This thing, minus the stand....

http://www.amazon.com/Hydrofarm-2-Foot-Start-Light-System/dp/B0006856EQ

...easy, cheap and bright!


----------



## hydrophyte

frogparty said:


> They will web the hell out of it. And sit still all day. I doubt they'll crush bromeliads but maybe more delicate plants.
> 
> Ghost mantis sit pretty still most of the time too, but the flower mantids are a lot more active


I have seen a few pictures and videos where the _Avicularia_ had built their webs up bear the top of the enclosure. So I wonder If I were to make a stilt root feature maybe they would put their web up inside the roots, which would be the most protected area in the viv and also higher up(???). That way it wouldn't get all over the plants that I plant underneath.










(File:Socratea exorriza2002 03 12.JPG - Wikimedia Commons)


----------



## frogparty

Only one way to find out...


----------



## hydrophyte

Well I just, again , ran into the article in the June 2009 _TFH_ about tangerine-head crabs (_Geosesarma krathing_). It sounds as though this one might be the most arboreal in genus and maybe they don't require such a big water feature. This setup just has a little puddle for them...

Geosesarma krathing vivarium

But, I can't find any evidence that they have made it to the US for sale.


----------



## frogparty

I love Geosearma! I've never seen that species, but they look great. If they are arboreal that would be awesome!


----------



## hydrophyte

Yeah the main constraint is that this setup won't ahve room for much of a water feature. If I can just provide a dish with water towards the back that might work. But like I say I don't know if this species has become available here or not. 

The vampire crab _Geosesarma_ are bigger and apparently they really do best with a larger water feature with some water circulation.


----------



## hydrophyte

I finally got around to cutting the plate for this thing...










I might go pick up the tank tomorrow, and then I'm going to start working on the cabinet.


----------



## EPI

hydrophyte said:


> The more I look the more I like the idea of using an arboreal tarantula.

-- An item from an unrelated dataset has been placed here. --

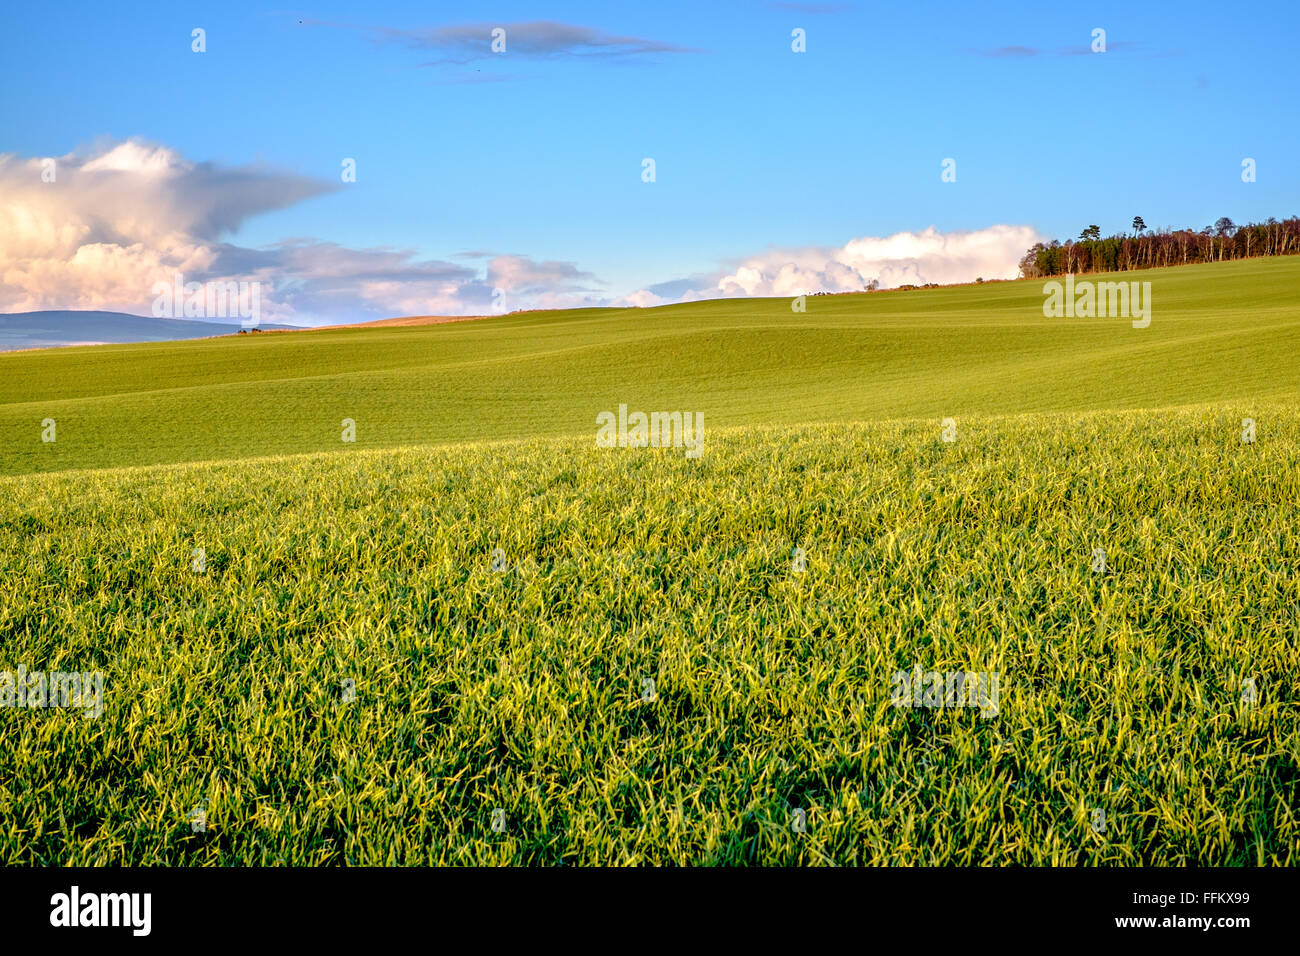 Des champs verts de grains de seigle Orge Avoine Blé maïs poussent dans les montagnes de l'Ecosse. Beau ciel bleu avec nuages majestueux. Banque D'Images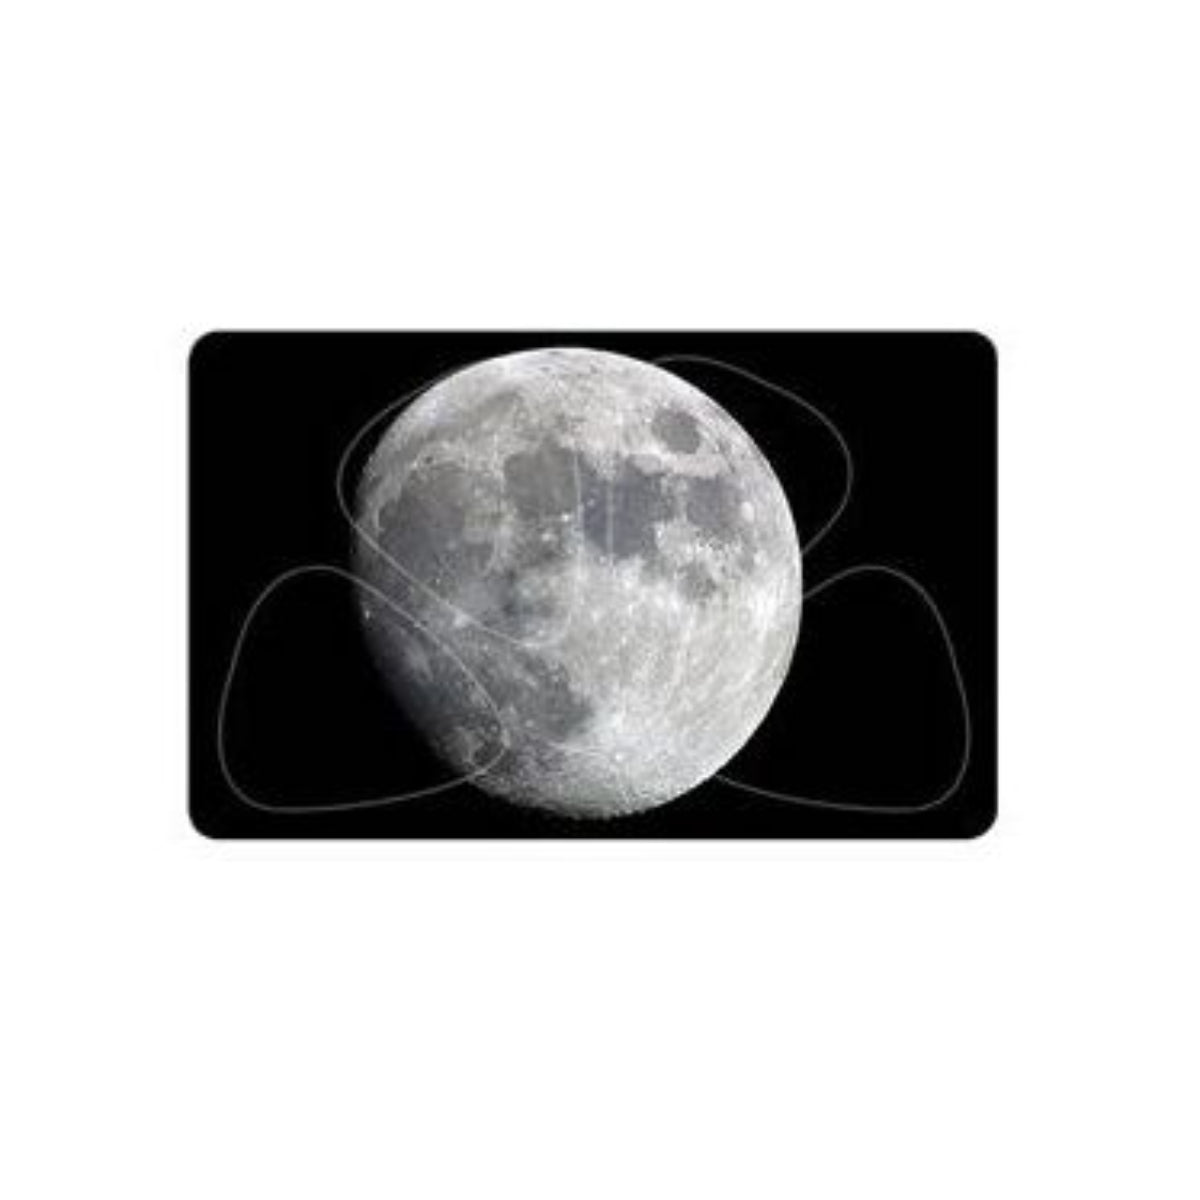 Pick card - 4 picks - Full Moon Design

I found a page all about those _Avicularia_ spp...
> 
> Avicularia species descriptions
> 
> I bet one of those would really like a feature like those stilt roots. An important questions would be how compatible they would be with some of the plants that I have in mind. The smallest _Avicularia_ are about 4", which is still going to be pretty heavy and if they climb on plants it would them down.


Avicularia spp live in bromeliads in Venezuela. I saw that many times. Yes, they live in a web and stay in there during daytime. Pretty spiders!


----------



## hydrophyte

Do you think that in a viv they would web all over the place, or would they more likely keep it in one plant?


----------



## jkooiman

hydrophyte said:


> Yeah the main constraint is that this setup won't ahve room for much of a water feature. If I can just provide a dish with water towards the back that might work. But like I say I don't know if this species has become available here or not.
> 
> The vampire crab _Geosesarma_ are bigger and apparently they really do best with a larger water feature with some water circulation.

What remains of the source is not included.